In conclusion, the article wishes that modelers are aware of when and how modeling tools can appropriately be applied to public-sector decision-making.

Discussion:
This paper does the important work of informing modelers to be wary of trying to model complex public-sector problems with the expectation that they can find a single optimum solution. This paper was fairly short in length and did not cover in depth actual cases where public-sector modeling struggled to find answers. The article would’ve been strengthened if the author had delved into the details of the river basin quality management issues that modelers have faced in the past.

If this were my research, it would be interesting to experiment with giving a complicated model to different modelers and see the differences in the models they produce.

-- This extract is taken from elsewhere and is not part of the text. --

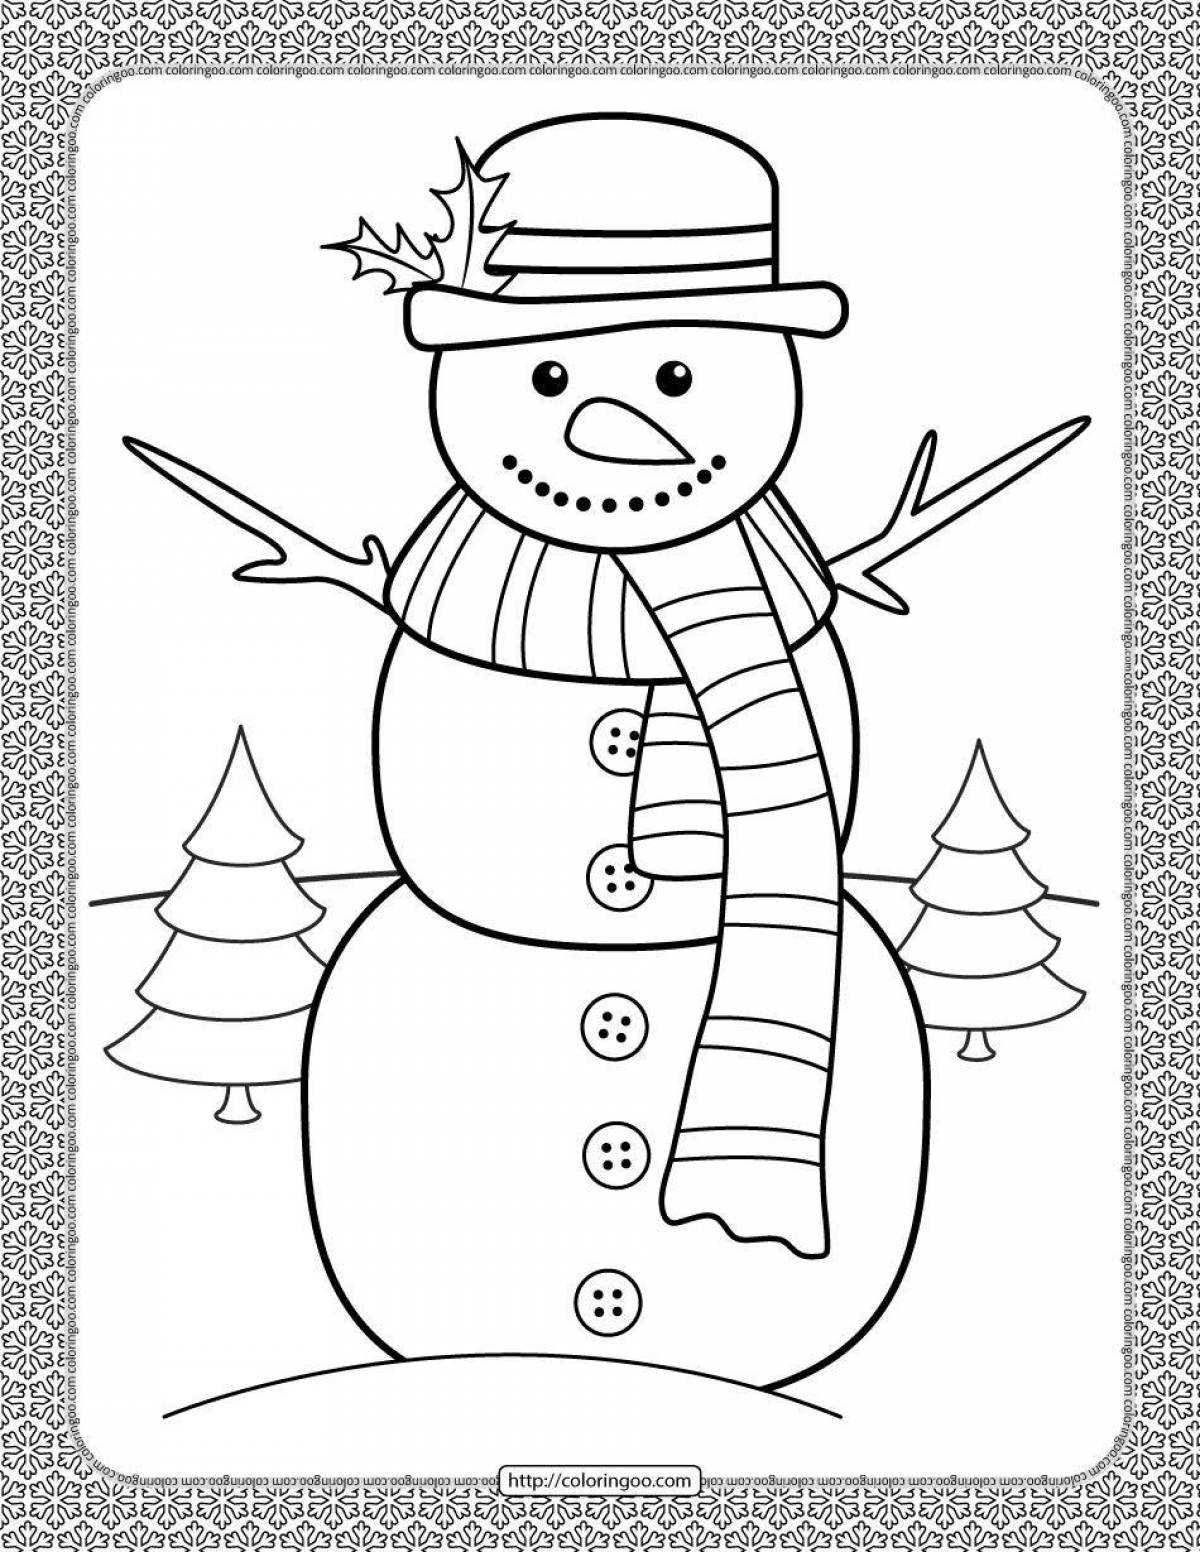 Coloring cute mega snowman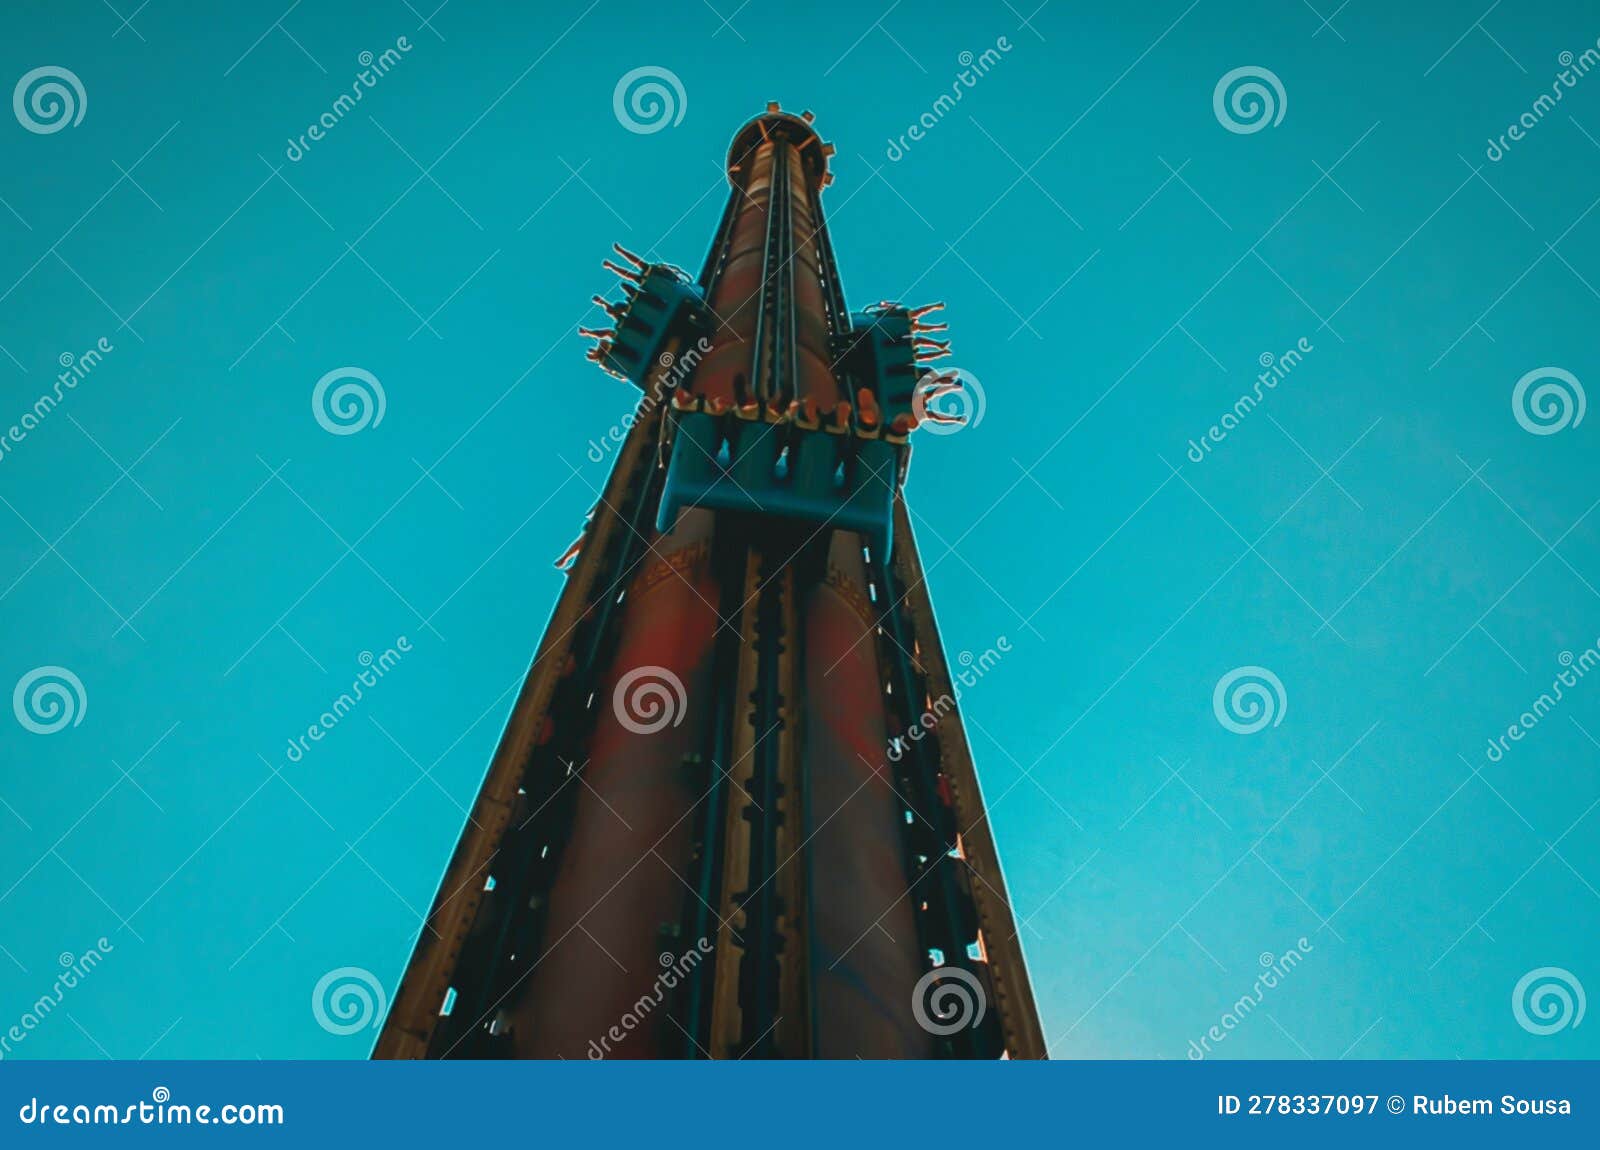 BIG TOWER BETO CARRERO

Also, as further research I may outline in a paper the methodology behind providing a range of alternatives rather than selecting an optimum, since this is in line with my interests in systems research.

Wednesday, January 21, 2009

Assignment #0

My name is Michelle Hollingsworth.


I am enrolled in CVEN665 because I enjoy systems thinking in a Water Resources context and I'd like to improve upon my ability to take real-world systems and put it in programming terms. Most people will have models of systems in their minds but it requires a developed skill to recognize a system and translate it into mathematical terms. I'm looking forward to the class project as an opportunity to practice model formulation and evaluation of that model.


Critical thinking is when we question the model we have of a system, analyze why the system behaves and interacts in the manner that it does, and through that we should expand our thinking to all possibilities of behavior and interactions, evaluate the quality of those possibilities, and then redefine our new system with our new more reliable model.